With only three days to go for the wedding, the bride-to-be received a call from her fiancé. Nothing could have prepared her for what he had to say. Hundreds of links had suddenly appeared on Instagram, Twitter and Facebook flashing extremely obscene pictures of the woman. Thus began a terrible nightmare for the hapless woman, her sole solace, the extraordinary strength of character and commitment of the groom-to-be.
A losing battle against this flood of obscenity began immediately. The photos and videos had been mass downloaded and were being shared by hundreds of accounts solely in the business of supplying pornographic content on social media websites. Paid folders promised “a good time” — from Rs 30 for five photos to Rs 200 for seven photos and two videos. Associates of the accused began contacting the victim for sexual favours and to extort money to “delete” the pictures in their possession. The victim plunged into a dark depression. Emotionally drained from a lonely fight of four months, the couple finally approached the police.
It was a classic case of revenge porn — an invasion of sexual privacy and a form of online harassment where the perpetrator, usually a disgruntled ex-partner, posts intimate photos, often to shame the subject. The consequences for victims can be extreme, encompassing honour killings, breakdown of relationships, destruction of reputation and career, and immense emotional trauma. Two high profile suicides last year involving Korean pop star, Goo Hara, and a student at the University of London, Damilya Jossipalenya, both victims of revenge porn, are cases in point
While the police may succeed in collecting evidence and prosecuting the perpetrators of such crimes, it can do little to clean up the mess left behind on the internet, the root cause of the victim’s suffering. Reporting of such non-consensual content by victims to the concerned social media platforms is often of no avail. The scale of the problem can be gauged from the half-a-million reports of revenge porn received per month by Facebook alone. All social media companies operate Law Enforcement Agency (LEA) portals where police authorities make requests for IP addresses of errant accounts and the removal of obscene content. However, often the portals are a mere formality, with the requests from investigative agencies remaining unacknowledged and unaddressed. While Facebook has in place a reasonably responsive legal support system, Twitter, Instagram and Whatsapp are virtually bereft of one. This is a frustrating stonewalling of the police and thousands of desperate victims. A country which offers one of the largest subscriber bases in the world deserves better legal support.

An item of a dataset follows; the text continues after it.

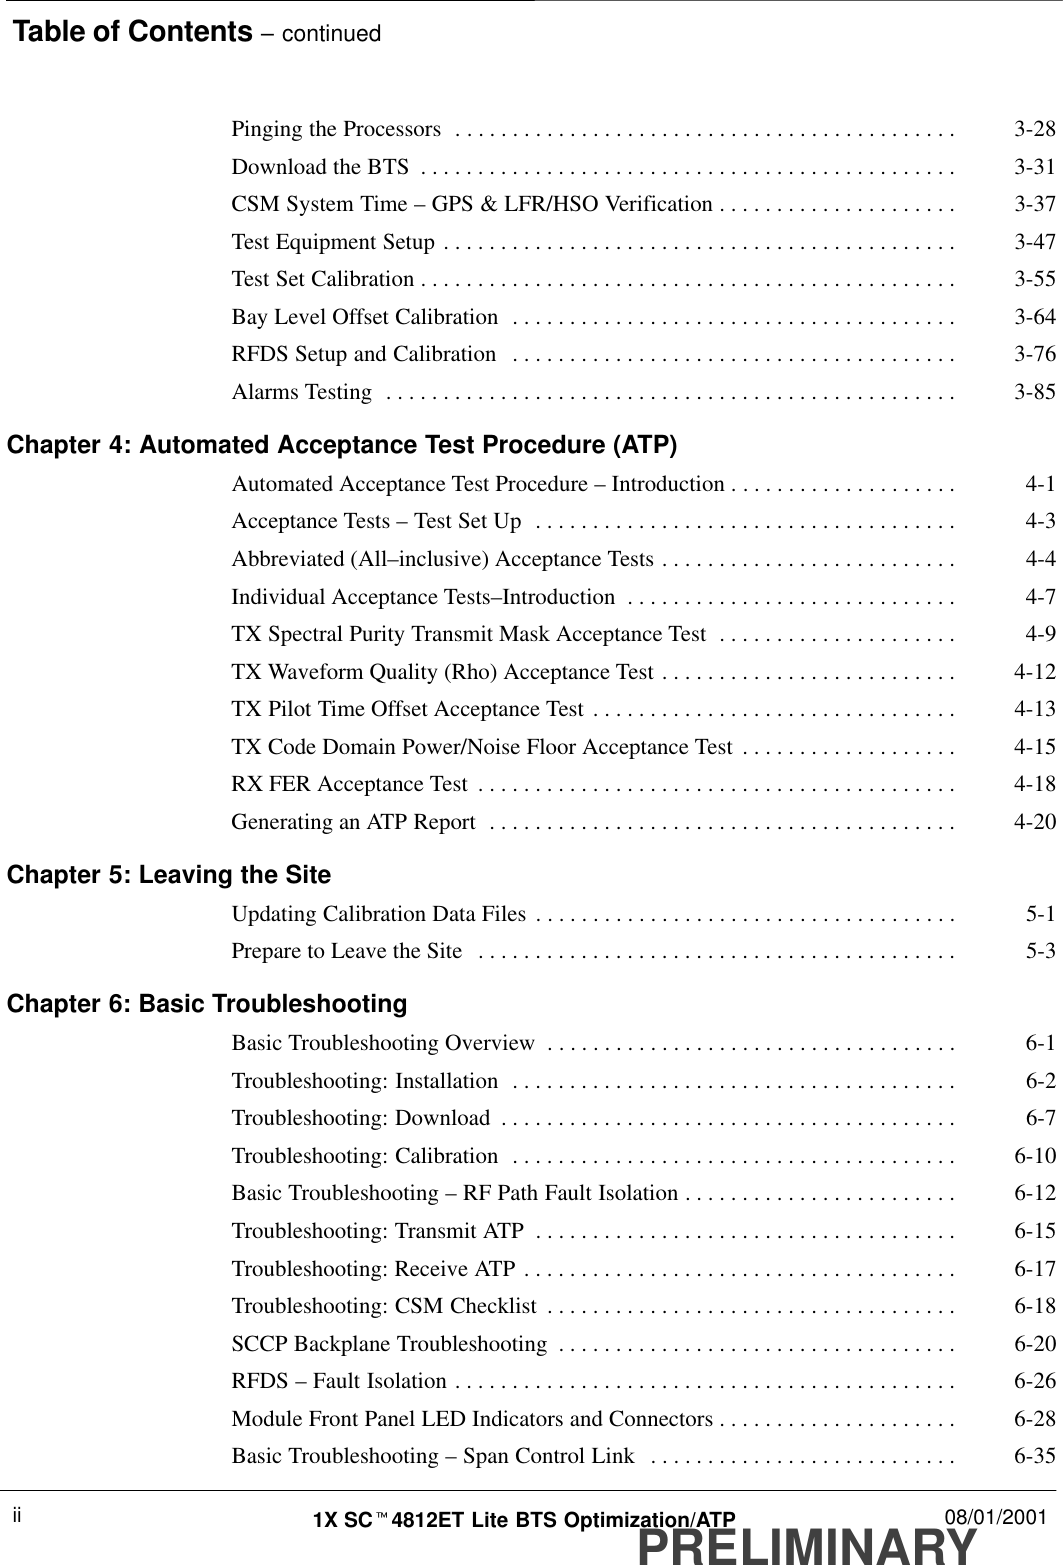 Table of Contents – continuedPRELIMINARY1X SCt4812ET Lite BTS Optimization/ATP 08/01/2001iiPinging the Processors 3-28. . . . . . . . . . . . . . . . . . . . . . . . . . . . . . . . . . . . . . . . . . . . Download the BTS 3-31. . . . . . . . . . . . . . . . . . . . . . . . . . . . . . . . . . . . . . . . . . . . . . . CSM System Time – GPS &amp; LFR/HSO Verification 3-37. . . . . . . . . . . . . . . . . . . . . Test Equipment Setup 3-47. . . . . . . . . . . . . . . . . . . . . . . . . . . . . . . . . . . . . . . . . . . . . Test Set Calibration 3-55. . . . . . . . . . . . . . . . . . . . . . . . . . . . . . . . . . . . . . . . . . . . . . . Bay Level Offset Calibration 3-64. . . . . . . . . . . . . . . . . . . . . . . . . . . . . . . . . . . . . . . RFDS Setup and Calibration 3-76. . . . . . . . . . . . . . . . . . . . . . . . . . . . . . . . . . . . . . . Alarms Testing 3-85. . . . . . . . . . . . . . . . . . . . . . . . . . . . . . . . . . . . . . . . . . . . . . . . . . Chapter 4: Automated Acceptance Test Procedure (ATP)Automated Acceptance Test Procedure – Introduction 4-1. . . . . . . . . . . . . . . . . . . . Acceptance Tests – Test Set Up 4-3. . . . . . . . . . . . . . . . . . . . . . . . . . . . . . . . . . . . . Abbreviated (All–inclusive) Acceptance Tests 4-4. . . . . . . . . . . . . . . . . . . . . . . . . . Individual Acceptance Tests–Introduction 4-7. . . . . . . . . . . . . . . . . . . . . . . . . . . . . TX Spectral Purity Transmit Mask Acceptance Test 4-9. . . . . . . . . . . . . . . . . . . . . TX Waveform Quality (Rho) Acceptance Test 4-12. . . . . . . . . . . . . . . . . . . . . . . . . . TX Pilot Time Offset Acceptance Test 4-13. . . . . . . . . . . . . . . . . . . . . . . . . . . . . . . . TX Code Domain Power/Noise Floor Acceptance Test 4-15. . . . . . . . . . . . . . . . . . . RX FER Acceptance Test 4-18. . . . . . . . . . . . . . . . . . . . . . . . . . . . . . . . . . . . . . . . . . Generating an ATP Report 4-20. . . . . . . . . . . . . . . . . . . . . . . . . . . . . . . . . . . . . . . . . Chapter 5: Leaving the SiteUpdating Calibration Data Files 5-1. . . . . . . . . . . . . . . . . . . . . . . . . . . . . . . . . . . . . Prepare to Leave the Site 5-3. . . . . . . . . . . . . . . . . . . . . . . . . . . . . . . . . . . . . . . . . . Chapter 6: Basic TroubleshootingBasic Troubleshooting Overview 6-1. . . . . . . . . . . . . . . . . . . . . . . . . . . . . . . . . . . . Troubleshooting: Installation 6-2. . . . . . . . . . . . . . . . . . . . . . . . . . . . . . . . . . . . . . . Troubleshooting: Download 6-7. . . . . . . . . . . . . . . . . . . . . . . . . . . . . . . . . . . . . . . . Troubleshooting: Calibration 6-10. . . . . . . . . . . . . . . . . . . . . . . . . . . . . . . . . . . . . . . Basic Troubleshooting – RF Path Fault Isolation 6-12. . . . . . . . . . . . . . . . . . . . . . . . Troubleshooting: Transmit ATP 6-15. . . . . . . . . . . . . . . . . . . . . . . . . . . . . . . . . . . . . Troubleshooting: Receive ATP 6-17. . . . . . . . . . . . . . . . . . . . . . . . . . . . . . . . . . . . . . Troubleshooting: CSM Checklist 6-18. . . . . . . . . . . . . . . . . . . . . . . . . . . . . . . . . . . . SCCP Backplane Troubleshooting 6-20. . . . . . . . . . . . . . . . . . . . . . . . . . . . . . . . . . . RFDS – Fault Isolation 6-26. . . . . . . . . . . . . . . . . . . . . . . . . . . . . . . . . . . . . . . . . . . . Module Front Panel LED Indicators and Connectors 6-28. . . . . . . . . . . . . . . . . . . . . Basic Troubleshooting – Span Control Link 6-35. . . . . . . . . . . . . . . . . . . . . . . . . . .

Given that the digital space is increasingly serving as the scene of unprecedented sex crimes, there is a dire need for an impactful solution. At present, cases of revenge porn are typically booked under the Information Technology Act or relevant sections of the Indian Penal Code (IPC) like 509, 499, 292 and 354C. There is merit in clearly classifying revenge porn as a sex offence in the IPC. The dissemination of nude photos and videos of a victim engaging in a sexual act deserves to be defined as a continued sexual violation for what is once put in the digital space can rarely be wholly retracted. With such classification, the offence will move to the category of serious offences and encourage the reporting of such crimes by victims who may otherwise choose to suffer alone under the presumption that cyber abuse is endemic to contemporary digital life.
The more important intervention is demanding accountability and responsiveness from social media giants for law enforcement and investigation purposes. Several countries have begun negotiating tough laws on the issue, including a time-bound removal of social media content declared illegal, fines as high as 50 million euros on tech companies, and even imprisonment of their executives in extreme cases of non-compliance of requests made by law enforcement authorities.
With the world’s largest population of young people, vulnerable to new mutations of deeply scarring sex crimes, the criticality of the PIL filed in India’s Supreme Court to establish an efficient mechanism to remove sexually-graphic abusive content and to seek accountability from social media platforms cannot be overemphasised.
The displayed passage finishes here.